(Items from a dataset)
=== Begin Enclosure ===
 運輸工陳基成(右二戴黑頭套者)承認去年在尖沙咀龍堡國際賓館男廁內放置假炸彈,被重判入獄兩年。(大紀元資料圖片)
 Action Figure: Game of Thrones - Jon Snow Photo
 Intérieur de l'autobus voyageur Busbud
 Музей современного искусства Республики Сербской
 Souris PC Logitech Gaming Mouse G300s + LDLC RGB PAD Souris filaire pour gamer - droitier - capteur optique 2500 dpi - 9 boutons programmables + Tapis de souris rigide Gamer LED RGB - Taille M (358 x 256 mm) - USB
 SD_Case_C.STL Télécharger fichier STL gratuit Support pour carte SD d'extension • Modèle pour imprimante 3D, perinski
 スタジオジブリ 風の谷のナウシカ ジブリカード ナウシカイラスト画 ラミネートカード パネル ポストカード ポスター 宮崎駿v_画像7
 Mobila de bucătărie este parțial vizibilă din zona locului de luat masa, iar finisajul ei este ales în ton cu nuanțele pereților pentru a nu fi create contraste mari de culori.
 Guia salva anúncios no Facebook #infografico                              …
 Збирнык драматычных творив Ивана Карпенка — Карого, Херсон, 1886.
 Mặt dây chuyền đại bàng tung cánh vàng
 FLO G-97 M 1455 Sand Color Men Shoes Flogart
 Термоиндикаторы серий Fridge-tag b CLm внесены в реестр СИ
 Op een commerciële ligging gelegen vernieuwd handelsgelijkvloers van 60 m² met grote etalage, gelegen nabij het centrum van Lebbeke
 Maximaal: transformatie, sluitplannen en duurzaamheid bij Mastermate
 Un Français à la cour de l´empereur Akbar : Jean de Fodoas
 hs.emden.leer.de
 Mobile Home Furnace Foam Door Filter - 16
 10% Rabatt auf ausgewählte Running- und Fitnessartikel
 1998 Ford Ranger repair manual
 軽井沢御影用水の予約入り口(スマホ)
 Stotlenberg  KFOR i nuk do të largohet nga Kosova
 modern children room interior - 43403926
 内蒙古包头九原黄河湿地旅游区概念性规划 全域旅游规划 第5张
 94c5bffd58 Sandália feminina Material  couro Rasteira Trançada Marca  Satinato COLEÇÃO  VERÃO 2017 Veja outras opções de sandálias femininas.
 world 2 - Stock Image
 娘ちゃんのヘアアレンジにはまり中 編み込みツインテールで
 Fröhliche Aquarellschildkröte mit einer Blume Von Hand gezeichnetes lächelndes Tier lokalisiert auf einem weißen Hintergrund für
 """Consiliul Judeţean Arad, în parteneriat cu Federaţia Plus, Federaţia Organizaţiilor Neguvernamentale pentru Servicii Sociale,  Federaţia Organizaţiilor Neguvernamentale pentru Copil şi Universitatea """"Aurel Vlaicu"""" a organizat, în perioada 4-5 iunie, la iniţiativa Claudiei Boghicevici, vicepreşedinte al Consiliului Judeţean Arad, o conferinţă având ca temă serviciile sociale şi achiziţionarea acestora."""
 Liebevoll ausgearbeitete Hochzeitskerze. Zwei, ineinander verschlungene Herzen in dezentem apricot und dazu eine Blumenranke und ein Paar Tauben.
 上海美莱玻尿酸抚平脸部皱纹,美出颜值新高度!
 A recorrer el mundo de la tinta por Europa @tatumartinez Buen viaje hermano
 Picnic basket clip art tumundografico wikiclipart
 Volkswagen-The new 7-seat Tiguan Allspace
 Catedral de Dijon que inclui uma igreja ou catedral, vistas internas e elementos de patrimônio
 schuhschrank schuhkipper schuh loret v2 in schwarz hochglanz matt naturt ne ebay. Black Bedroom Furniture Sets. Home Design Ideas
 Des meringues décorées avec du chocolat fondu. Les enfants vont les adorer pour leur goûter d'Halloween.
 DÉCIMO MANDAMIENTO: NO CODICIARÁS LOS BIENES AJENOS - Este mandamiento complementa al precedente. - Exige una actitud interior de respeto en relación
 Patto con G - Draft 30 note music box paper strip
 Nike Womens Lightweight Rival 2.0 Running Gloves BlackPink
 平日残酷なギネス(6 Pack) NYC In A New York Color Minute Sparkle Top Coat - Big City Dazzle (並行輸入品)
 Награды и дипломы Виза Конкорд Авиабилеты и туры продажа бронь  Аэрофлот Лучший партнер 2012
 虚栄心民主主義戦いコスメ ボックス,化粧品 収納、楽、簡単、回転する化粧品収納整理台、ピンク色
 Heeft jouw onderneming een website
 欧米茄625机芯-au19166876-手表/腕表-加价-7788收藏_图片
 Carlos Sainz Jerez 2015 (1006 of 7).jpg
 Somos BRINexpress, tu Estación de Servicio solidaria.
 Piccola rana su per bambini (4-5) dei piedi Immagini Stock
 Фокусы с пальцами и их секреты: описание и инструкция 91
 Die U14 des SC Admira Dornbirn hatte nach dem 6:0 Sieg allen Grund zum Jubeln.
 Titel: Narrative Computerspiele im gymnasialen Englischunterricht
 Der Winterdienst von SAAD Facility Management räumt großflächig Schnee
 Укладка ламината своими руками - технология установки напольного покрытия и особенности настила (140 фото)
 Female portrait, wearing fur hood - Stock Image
=== End Enclosure ===
## [Problem to work on]
Scan the data above for the word "interior" and report every line where it is found.

## [Result]
 modern children room interior - 43403926
 DÉCIMO MANDAMIENTO: NO CODICIARÁS LOS BIENES AJENOS - Este mandamiento complementa al precedente. - Exige una actitud interior de respeto en relación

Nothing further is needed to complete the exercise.